## RECORDED DATA
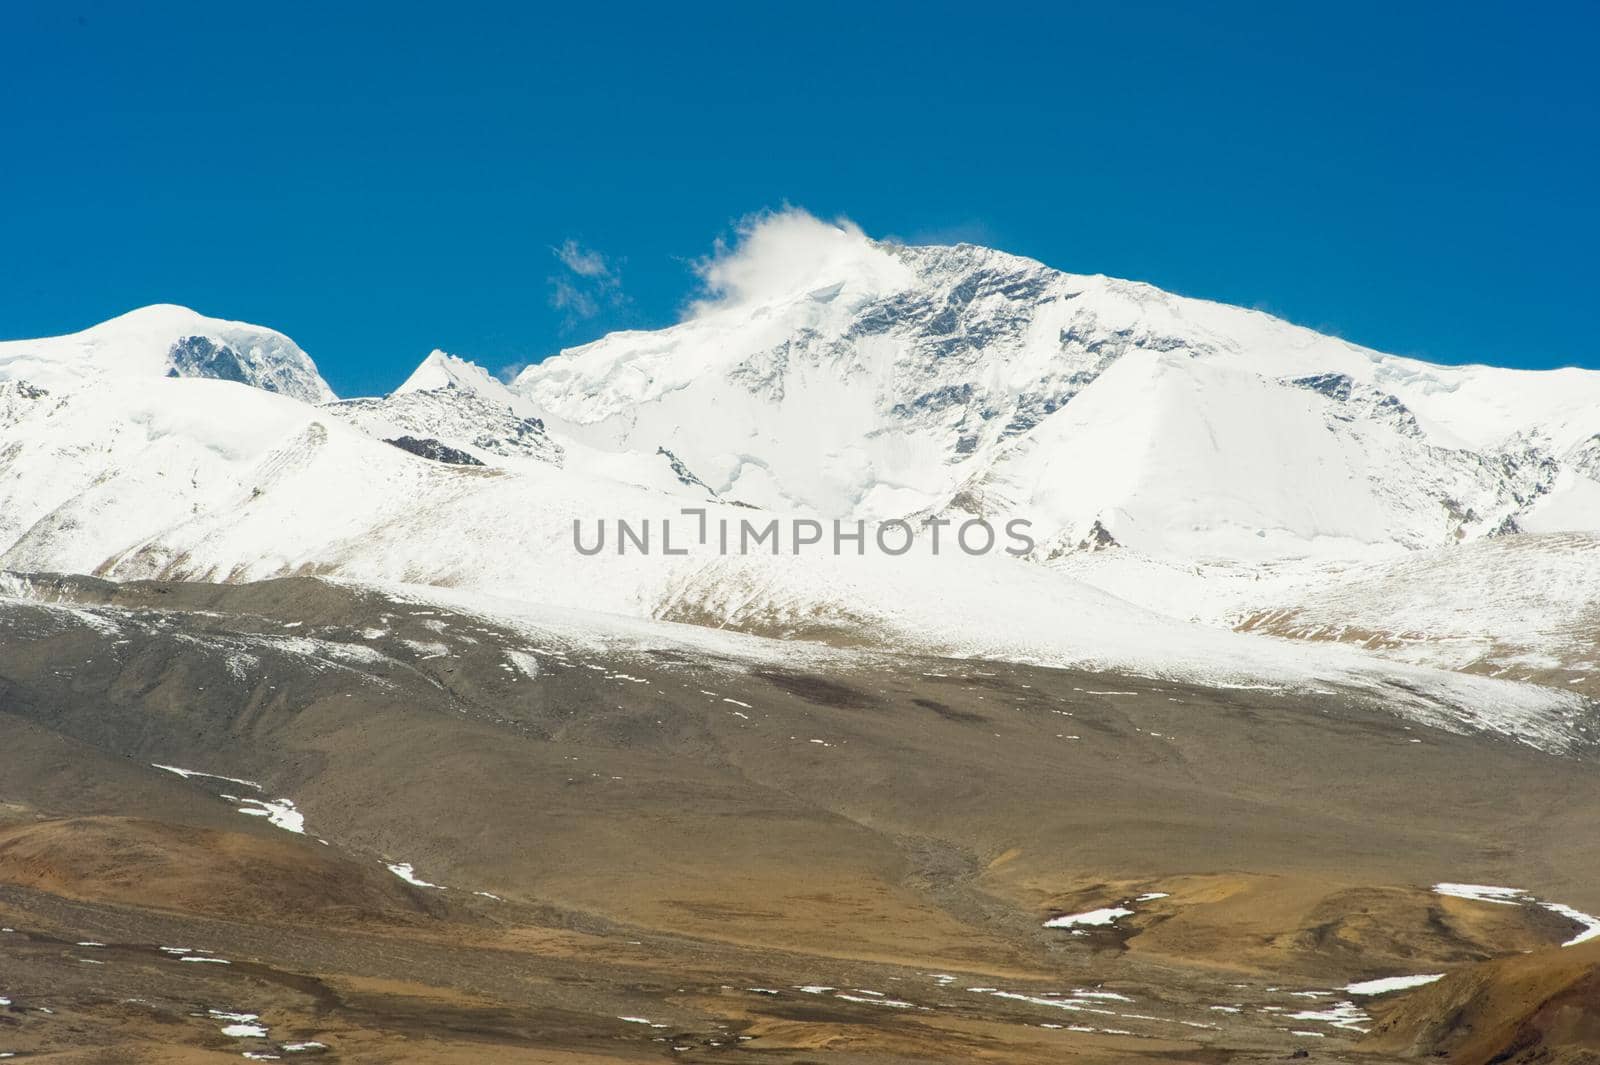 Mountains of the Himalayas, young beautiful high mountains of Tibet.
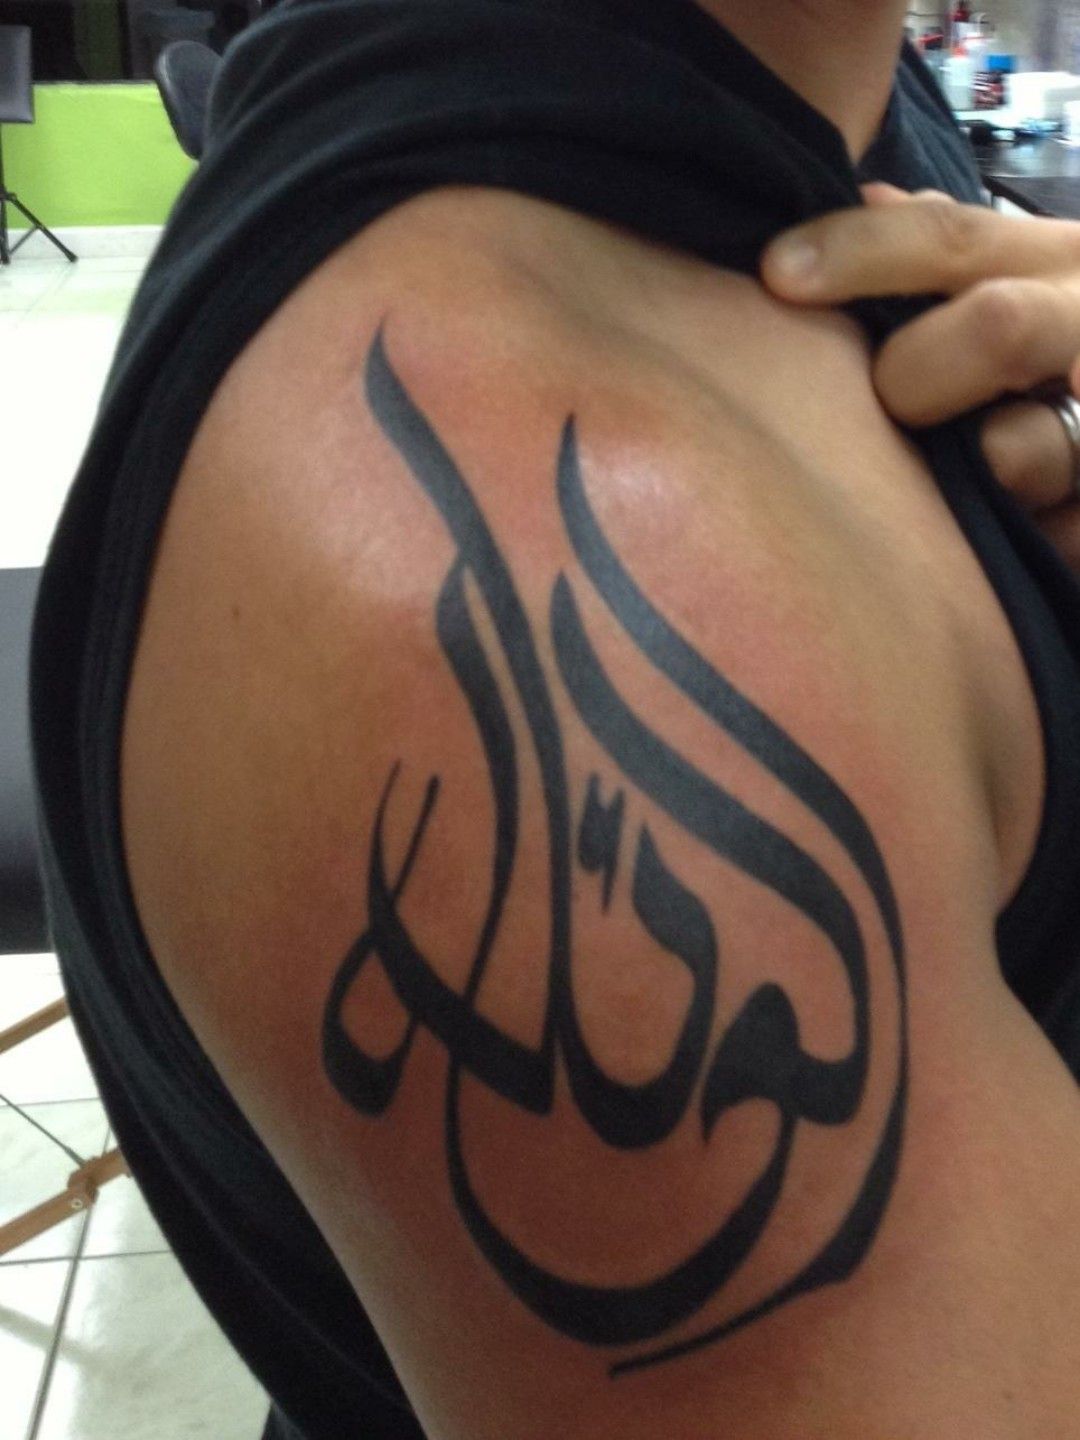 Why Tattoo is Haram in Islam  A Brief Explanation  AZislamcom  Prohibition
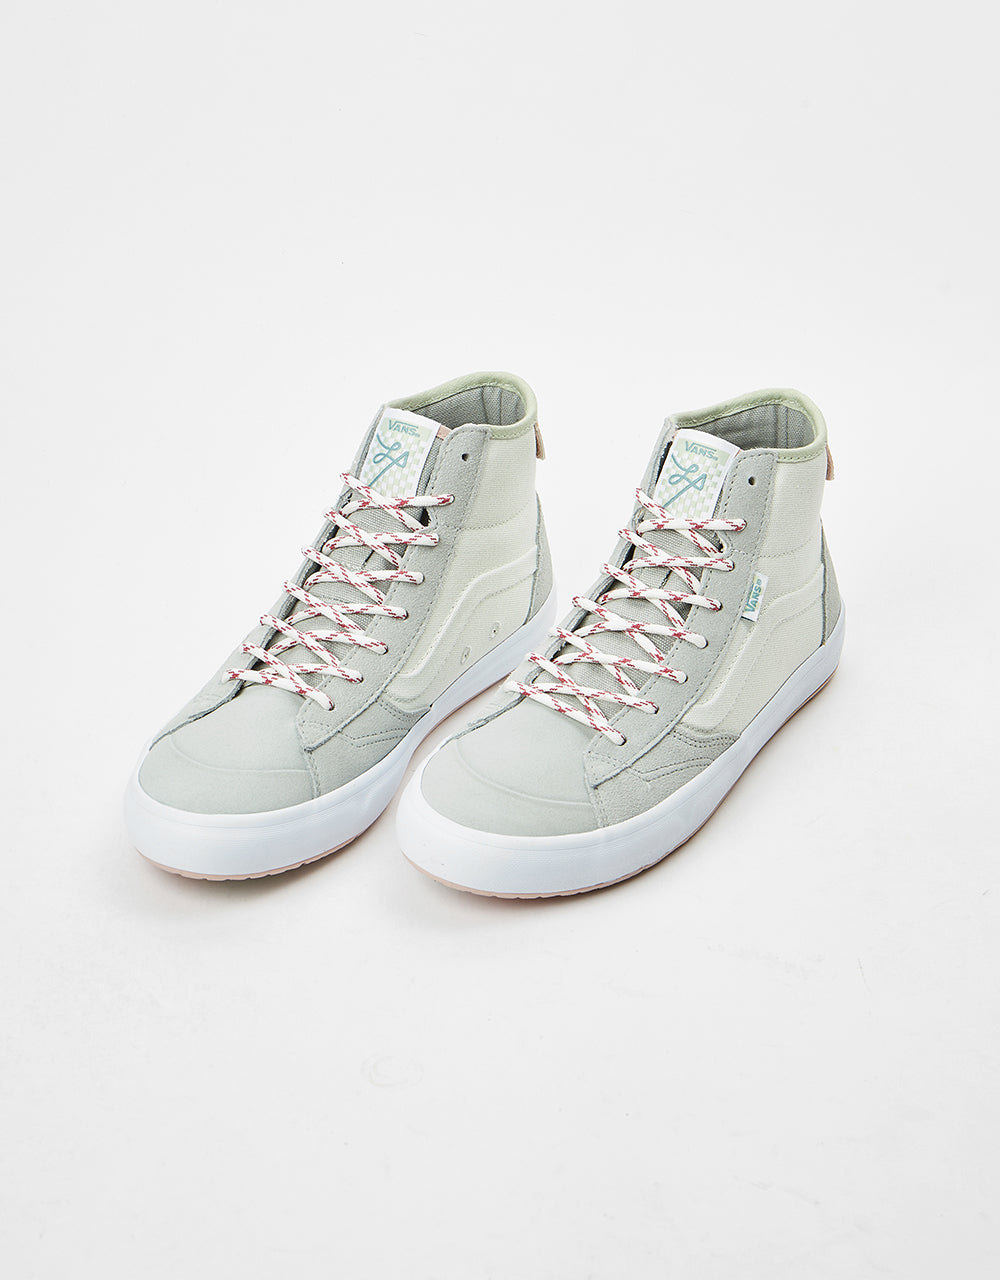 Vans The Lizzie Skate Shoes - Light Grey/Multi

## THE TASK
Could all the data above be given again exactly, leaving out its images?

## WRITTEN SOLUTION
 Mountains of the Himalayas, young beautiful high mountains of Tibet.
 Why Tattoo is Haram in Islam  A Brief Explanation  AZislamcom  Prohibition
 Vans The Lizzie Skate Shoes - Light Grey/Multi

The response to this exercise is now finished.